The two sides are likely to cover the whole gamut of Pak-US relations-including Afghanistan, regional peace and non-proliferation -- as a follow-up to the Powell-Sattar meeting and Christina Rocca's recent tour of Pakistan. But the immediate US concern will be the American reservations about the electoral plan announced by President Musharraf...
Washington may trade concession on the sanctions issue with Pakistan's performance on the issue of peace with India and Afghanistan. While the Americans are not particularly piqued over Pakistan's stance on the peace front, the message on Afghanistan is loud and clear: Unless Pakistan helps the Americans in reining in the Taliban there can't be any progress. In fact, this threatens to severely damage even the present state of Pak-US relations. Washington continues to reject Pakistani position that it does not wield enough influence with Taliban.
Pakistan's diplomatic isolation is being felt by a handful of friends that Pakistan has been left with. Sol Sander, a former fellow for the Council on Foreign Relations writing for World Tribune, lamented this fact in an aptly titled column "Precipitously pushing Pakistan."

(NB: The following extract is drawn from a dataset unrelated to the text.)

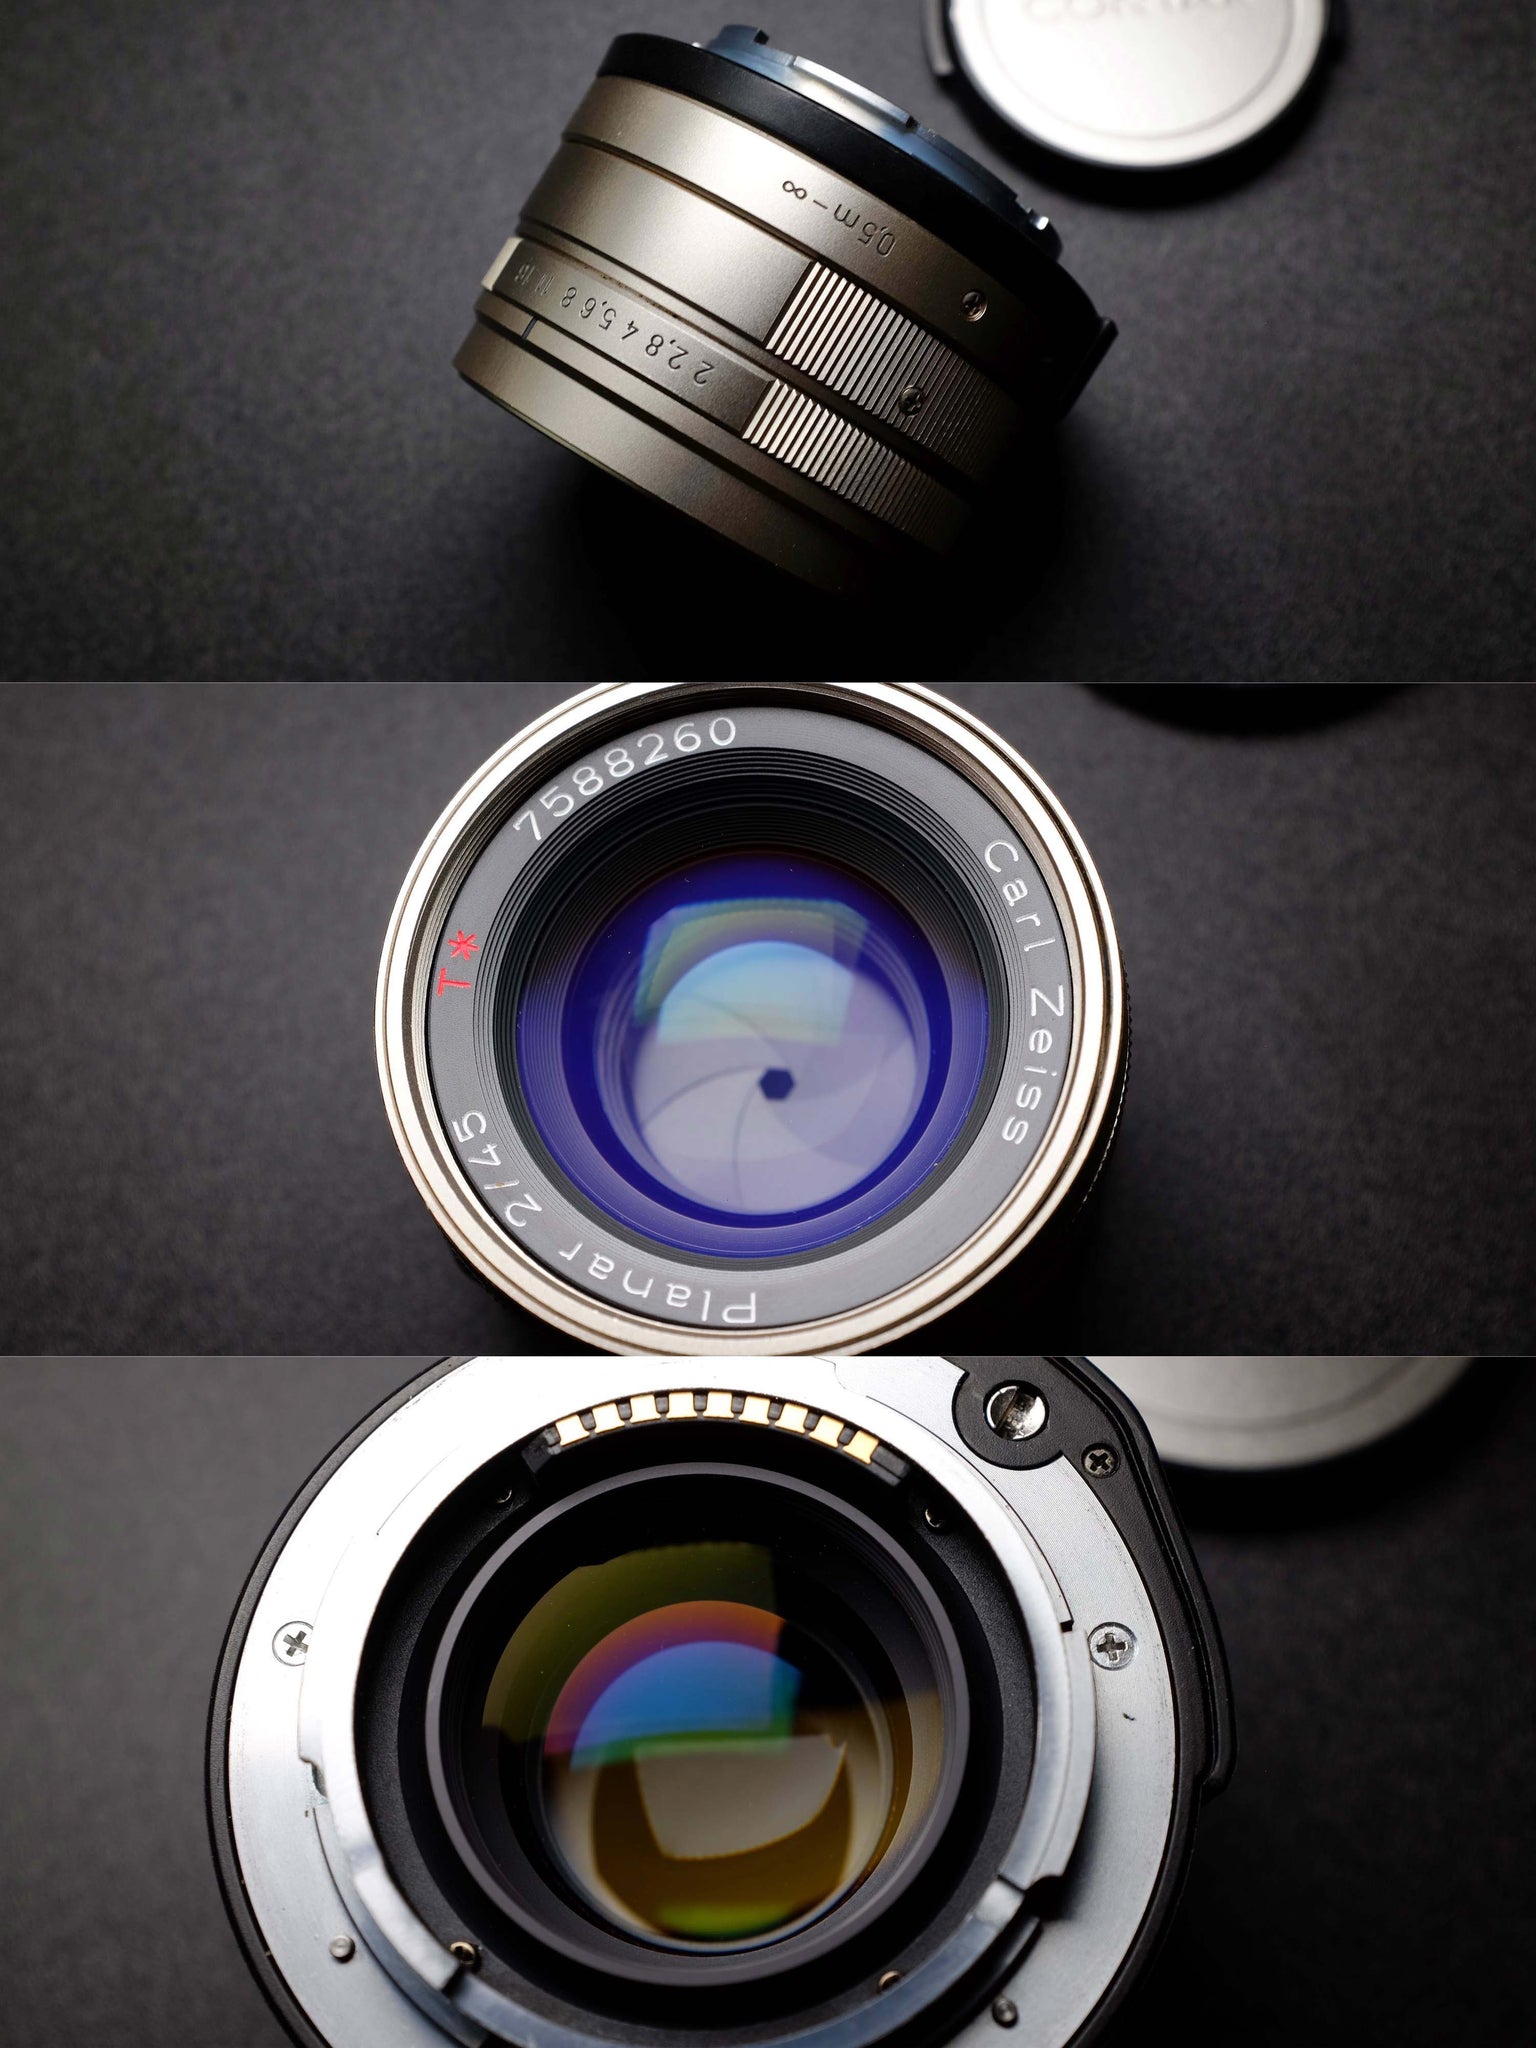 Carl Zeiss Planar 45mm F2 ライカ Mマウント - カメラ

Sanders believes that the Afghanistan problem, which Washington deludes itself into thinking can be solved with the cooperation of Moscow as well as Indian and Central Asian support for Massoud's Tajik forces, would become even more intractable.

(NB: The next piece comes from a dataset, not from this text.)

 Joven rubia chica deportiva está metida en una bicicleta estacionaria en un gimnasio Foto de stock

"The drug scourge out of the region will intensify. The Chinese might lose their present ally, but the likelihood is they could exploit the chaos against India and the US." And then there are the nuclear weapons and short-term missile delivery systems that Pakistan possesses, he says.
And finally his advice to the US President: "Mr Bush, pick up that telephone and call Musharraf. It may be the last chance to rebuild some kind of US-Pakistan dialogue." "Musharraf is desperate," he cautions Washington mandarin. "The report that Musharraf is thinking of a pilgrimage to meet Fidel Castro on his way to the UN General Assembly in September is the signal that we are reaching a danger."